Além de assegurar o fornecimento, os acordos têm como objetivo a internalização da produção no Brasil, com desenvolvimento tecnológico de laboratórios públicos e privados. A estratégia busca reduzir a dependência externa, garantir estabilidade no estoque de fármacos e ampliar o acesso da população a terapias de alta complexidade.

Segundo o Ministério da Saúde, a fabricação no país pode “ampliar o acesso da população a terapias de alta complexidade”, ao mesmo tempo em que fortalece a estrutura produtiva nacional.

O presidente Luiz Inácio Lula da Silva destacou que a cooperação entre os dois países na área da saúde não é recente. “Brasil e Índia trabalham lado a lado, há décadas, na defesa da equidade no acesso a medicamentos, sobretudo os genéricos, e da soberania sanitária no âmbito da Organização Mundial da Saúde”, afirmou.

Para o ministro da Saúde, Alexandre Padilha, os acordos representam mais do que a garantia de tratamento no SUS. Segundo ele, as parcerias viabilizam “a transferência de tecnologia para fortalecer a produção nacional, gerar emprego e renda e ampliar a autonomia e a segurança dos pacientes brasileiros.”

A agenda na Índia incluiu ainda a assinatura de um termo aditivo que prorroga por mais cinco anos a cooperação bilateral em saúde. O novo acordo abrange produção de medicamentos, vacinas e insumos farmacêuticos ativos, além de biofabricação, inovação produtiva, desenvolvimento de biológicos, saúde digital, telessaúde e inteligência artificial.

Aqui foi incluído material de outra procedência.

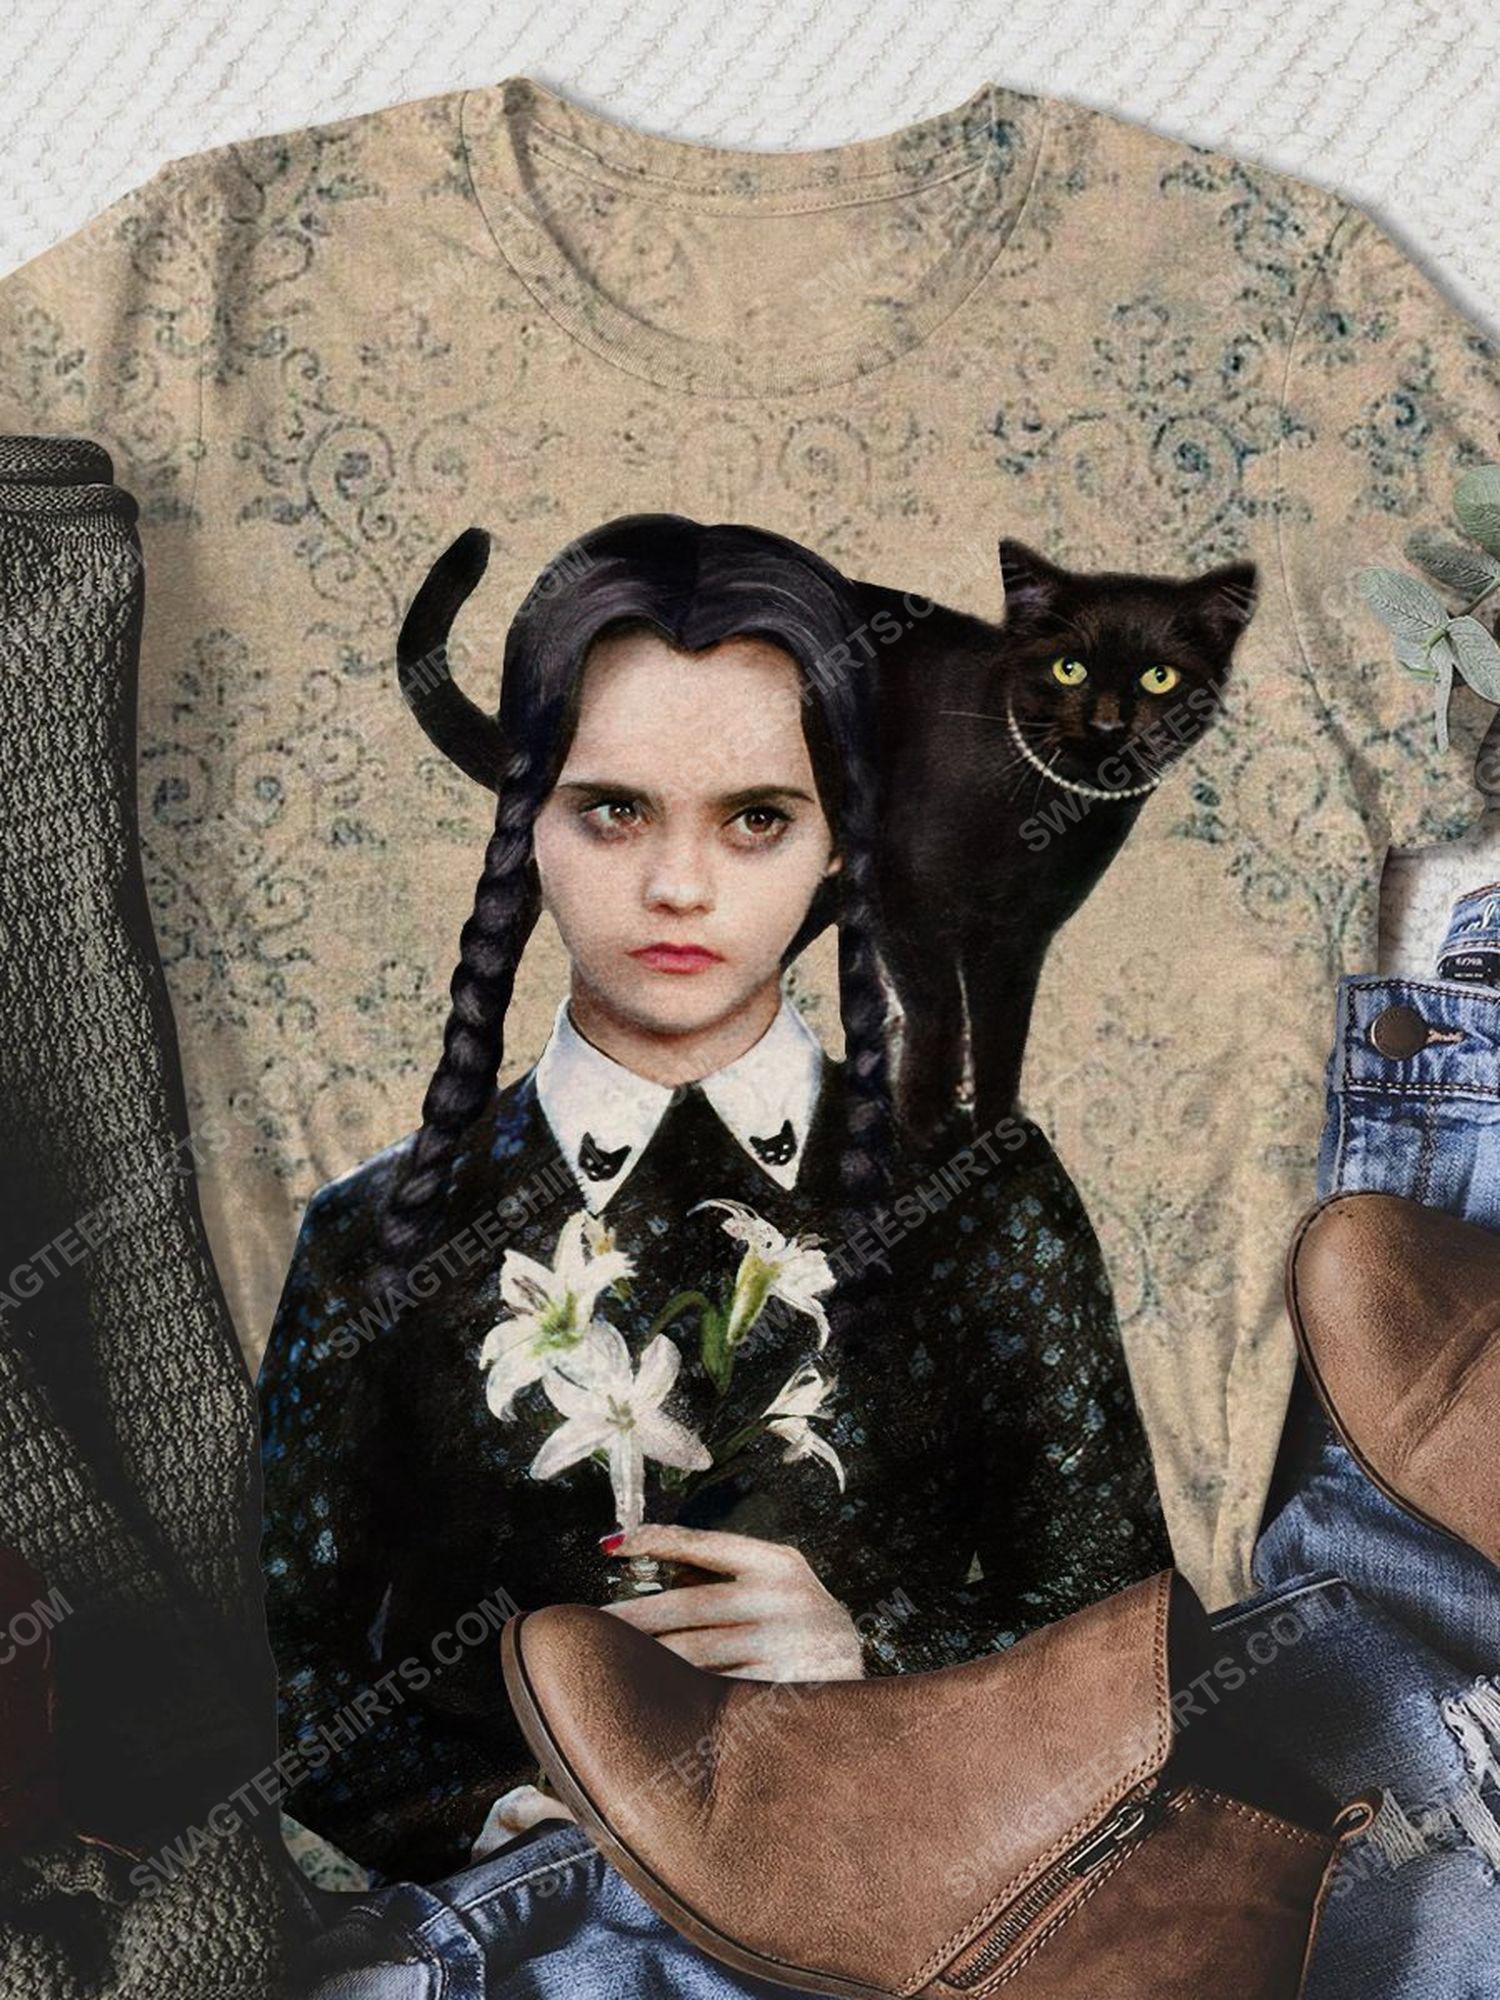 Halloween night wednesday addams and cat full print shirt 1 - Copy (3)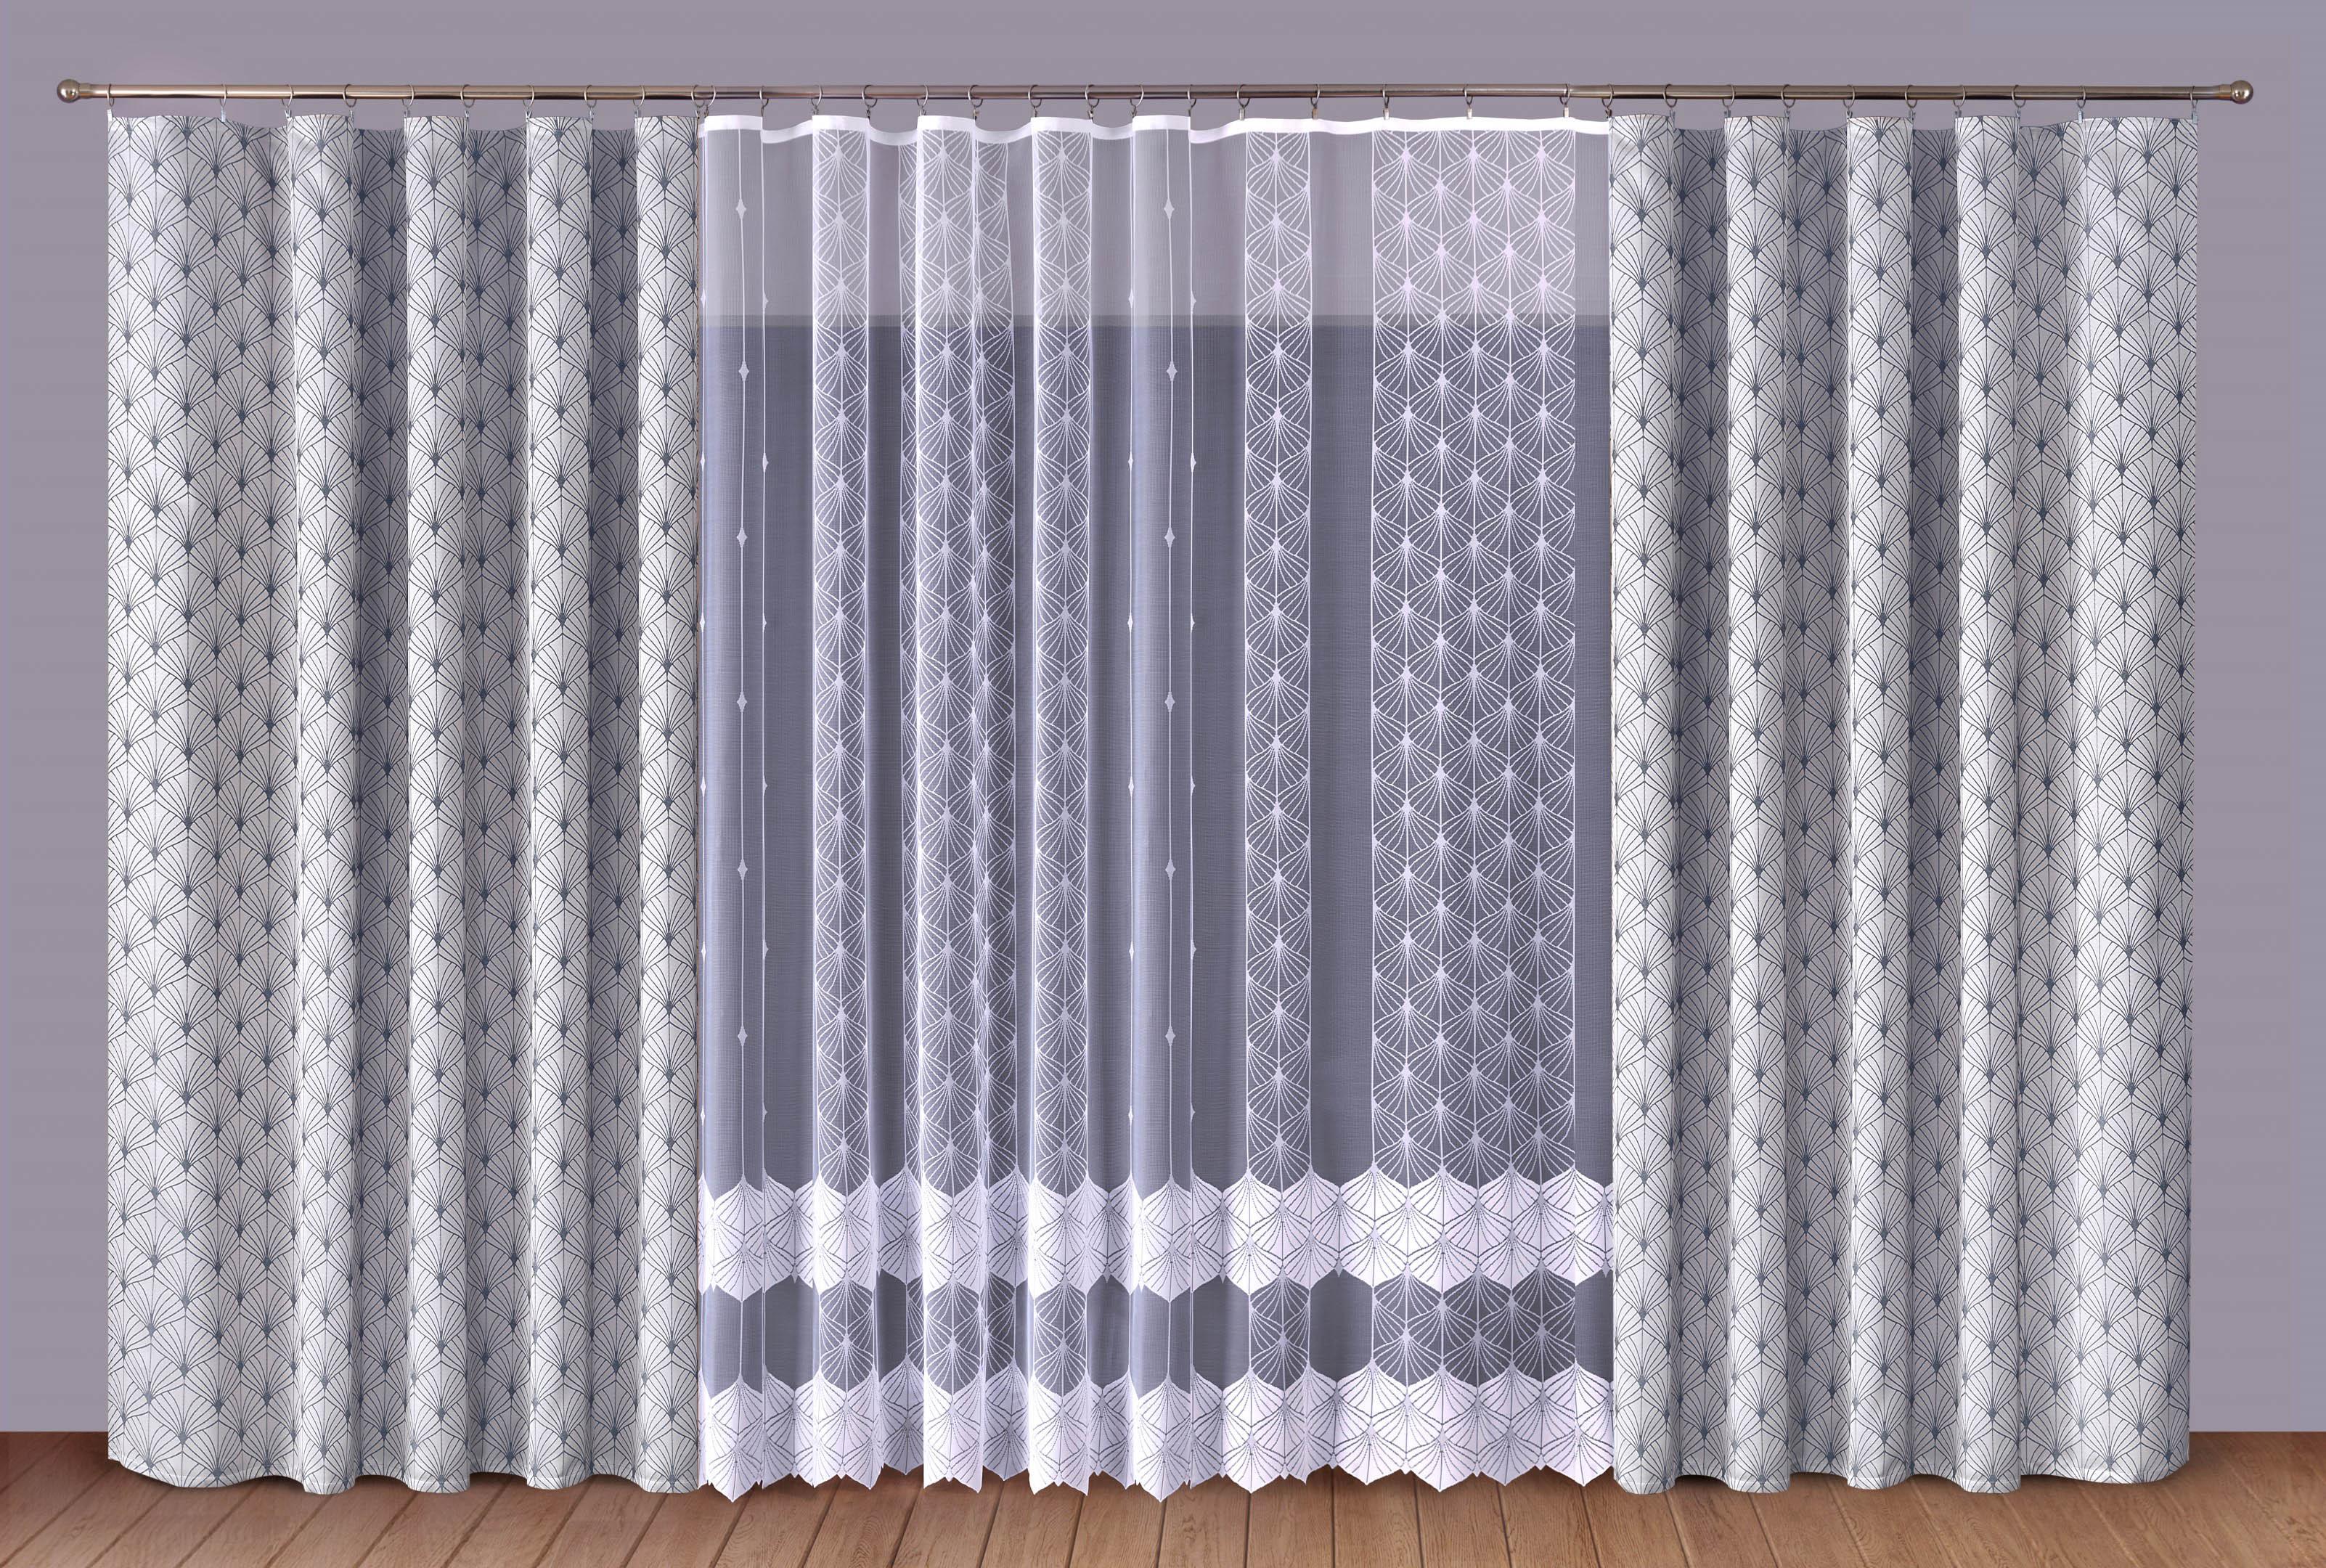 Шторы Primavera Классические шторы Albertine Цвет: Серый-Белый шторы primavera классические шторы maev цвет персиковый

Também foi firmado um memorando de entendimento entre a Agência Nacional de Vigilância Sanitária (Anvisa) e a Central Drugs Standard Control Organization, órgão regulador indiano, para a troca de informações regulatórias sobre medicamentos, insumos e dispositivos médicos.

A Fundação Oswaldo Cruz (Fiocruz) assinou memorandos de entendimento com laboratórios farmacêuticos indianos para pesquisa, desenvolvimento e produção de medicamentos considerados estratégicos pelo Ministério da Saúde.

A cooperação ocorre em um contexto de forte presença indiana no mercado farmacêutico brasileiro. Produtos farmacêuticos estão entre os principais itens importados da Índia pelo Brasil, ao lado de diesel, inseticidas, fungicidas e peças automotivas.

Em 2024, o volume de importações de fármacos atingiu US$ 7,3 bilhões, segundo dados da empresa Fazcomex, especializada em tecnologia para comércio exterior. Depois da China, países como Índia, Japão, Coreia do Sul, Vietnã e Indonésia figuram entre os principais parceiros comerciais do Brasil na Ásia.

A expectativa do governo é que a ampliação da produção nacional reduza a dependência externa nesse segmento estratégico, especialmente no caso de medicamentos de alto custo utilizados no tratamento do câncer.

Lula e Alexandre Padilha cumprem agenda na Índia, onde participam do Fórum Empresarial Brasil–Índia, em Nova Delhi, com foco no fortalecimento de parcerias econômicas e estratégicas.